Because \(E(\hat{\boldsymbol\beta})=E((\mathbf Z^T\mathbf Z)^{-1}\mathbf Z^T\mathbf Y)\), so \(E(\mathbf Z\hat{\boldsymbol\beta})=E(\mathbf Z(\mathbf Z^T\mathbf Z)^{-1}\mathbf Z^T\mathbf Y)=E(\hat{\mathbf Y})\) and because
\(E(\mathbf Z\boldsymbol\beta)=E(\mathbf Y-\boldsymbol\epsilon)=E(\mathbf Y)=E(\hat{\mathbf Y})\), so \(E(\mathbf Z\hat{\boldsymbol\beta})=E(\mathbf Z\boldsymbol\beta)\) and \(E(\mathbf Z(\hat{\boldsymbol\beta}-\boldsymbol\beta))=\boldsymbol0\) so \(E(\hat{\boldsymbol\beta})=E(\boldsymbol\beta)\)

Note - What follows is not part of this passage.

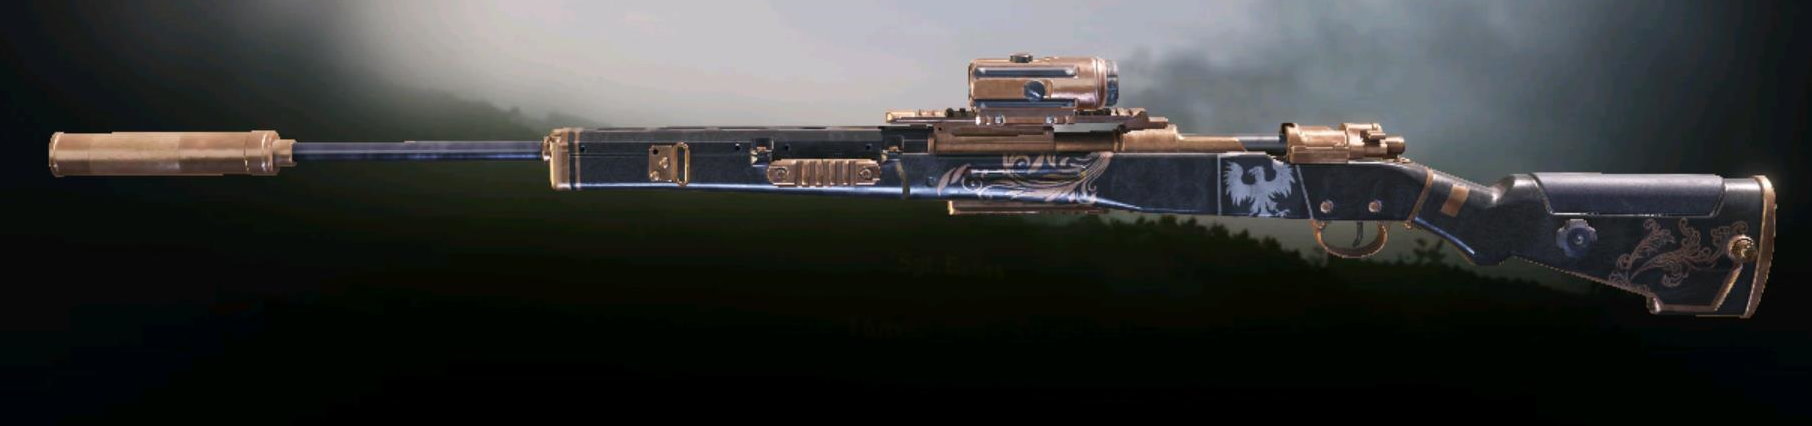 Kilo Bolt-Action Lazarus, Epic camo in Call of Duty Mobile
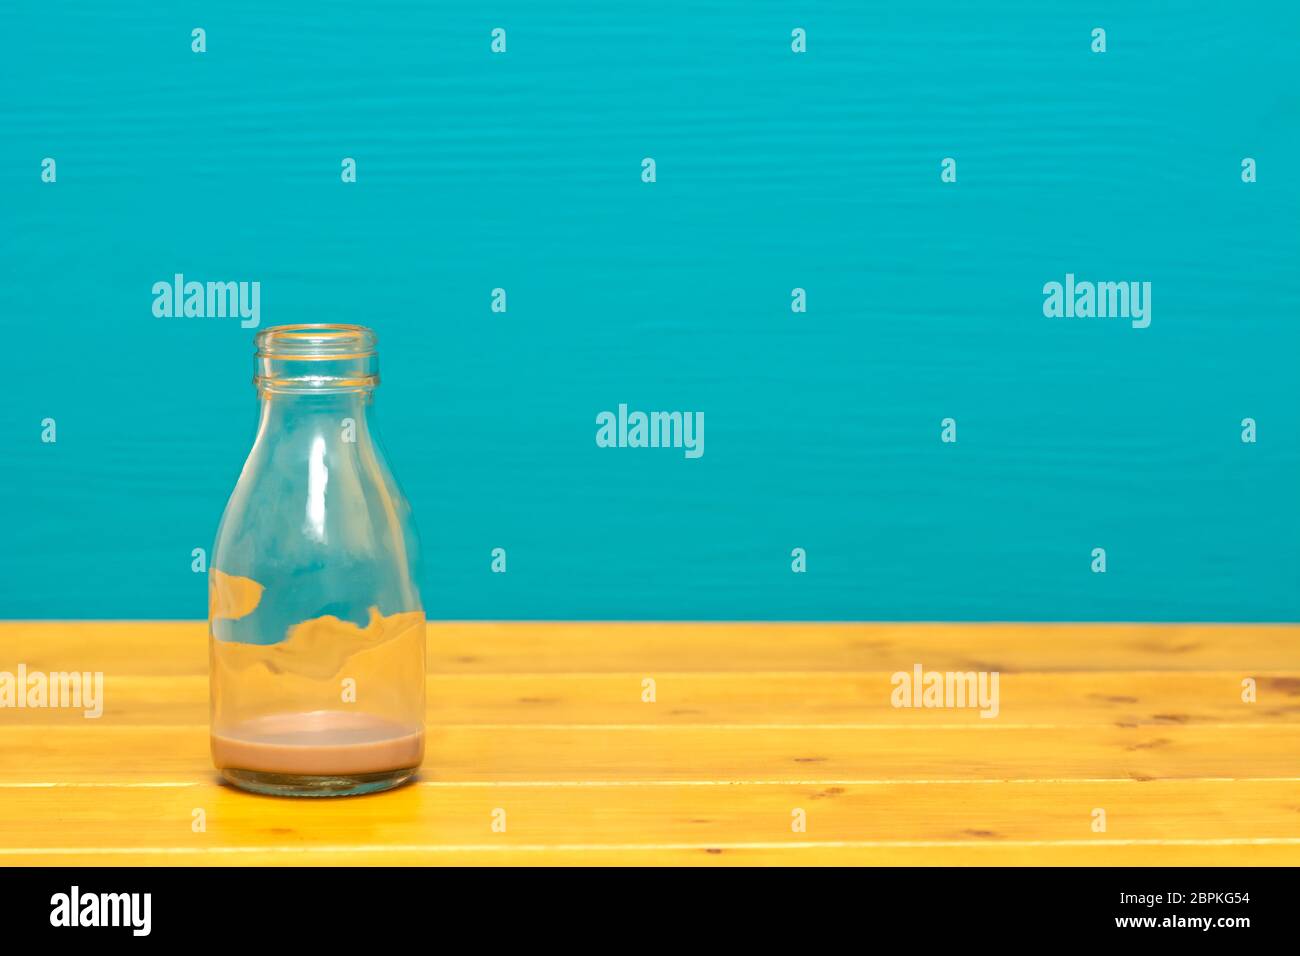 Ein Drittel pint Glas Milch Flasche mit Abschaum der Schokolade Milchshake, auf einen hölzernen Tisch gegen einen hellen Teal gemalten Hintergrund Stockfoto

If \(\boldsymbol\epsilon\) is distributed as \(N_n(\boldsymbol0,\sigma^2\mathbf I)\), then \(Cov(\mathbf Z\hat{\boldsymbol\beta})=\mathbf Z^T\mathbf ZCov(\hat{\boldsymbol\beta})=Cov(\hat{\mathbf Y})=Cov(\mathbf Y+\boldsymbol\epsilon)=Cov(\boldsymbol\epsilon)=\sigma^2\mathbf I\), then \(Cov(\hat{\boldsymbol\beta})=\sigma^2(\mathbf Z^T\mathbf Z)^{-1}\), then \(\hat{\boldsymbol\beta}\) is distributed as \(N_{(r+1)}(\boldsymbol\beta,\sigma^2(\mathbf Z^T\mathbf Z)^{-1})\)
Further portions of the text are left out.